The team have had now thousands of young people, businesses, creative and community practitioners, academics and folk from and beyond the town and region and country through those doors. Any trail through the published programmes of the last decade will be testimony to that. I urge you to have a look at the incredible and growing archives on the TSN website. If you caught Heather Taylor’s blog piece last month, you would have some feel for the next network driver: the “What We Do Now” creative placemaking network. An initiative that has all the makings of a paradigm shift.

So, what happens when an organisation that is driven by creative change and innovation faces a very real existential threat?  Well, every such organisation, community and individual faced just such a challenge that lasted almost two years. That pandemic thing.

Almost overnight we all experienced enforced change. The personal, community and organisational turmoil and fear was very real. Some coped better than others. At our AGM this year and last, I found myself repeating that I still don’t think we have truly understood the implications of ‘what just happened’. I’m sure we all still are seeing ways in which social, personal and organisational norms and behaviours have changed, even through those pressures to ‘get back to normal’. But strike up any random discussion about COVID and you’ll find things are far from forgotten or back to normal.

I was truly in awe of what the team and membership of TSN achieved during and following those lost years. Rather than lock-down and close the curtains, The Stove adapted, accelerated its innovative capacity, went online, on to social media, big-time, and into print and set up a small but very significant virtual community experience that proved a real lifeline, not just for the creative sector, but for many in the community in general.

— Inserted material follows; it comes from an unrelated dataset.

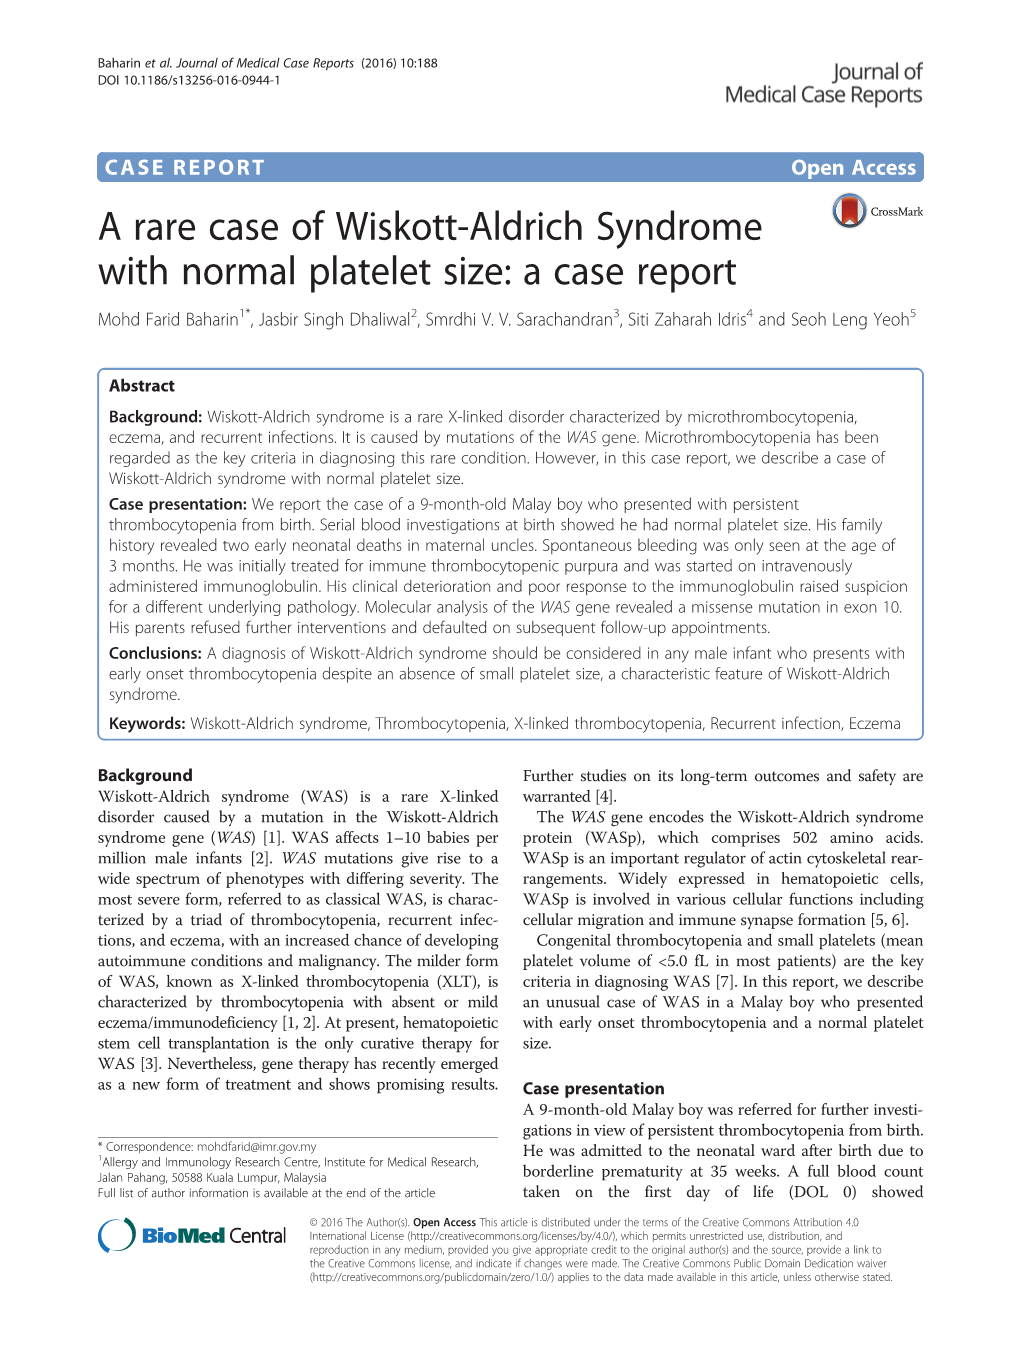 A Rare Case of Wiskott-Aldrich Syndrome with Normal Platelet Size: a Case Report Mohd Farid Baharin1*, Jasbir Singh Dhaliwal2, Smrdhi V

Have a look at the Atlas Pandemica pages on the Stove website. As relevant now as ‘back then’!

As this piece goes out, we find ourselves again in one of those periods when political leaders predictably thrust upon us the word “change” as a wedge issue. “What we need now is change” vs “The last thing we need now is that kind of change”. Corny though it was, I rather liked Barack Obama’s take on the change thing:

We are the ones we’ve been waiting for: we are the change that we seek

Barack Obama

It’s something like that which drew me to The Stove Network. Now that I’ve gone, wrench that it was, I’m now a small part of that change. That’s what it’s all about! See?

A note from Lynsey Smith – Chair

‘Tony has played an instrumental part in the development of The Stove over the past eight years and has passed on a very steady ship to me.  He has been of great support to me as I transitioned into the role of Chair and will remain a close friend to us all.  He has taught us many things on his journey, most significantly his ability to make everyone feel part of something, his flat hierarchical approach and gentle nature.  Thank you, Tony, from the bottom of our hearts.’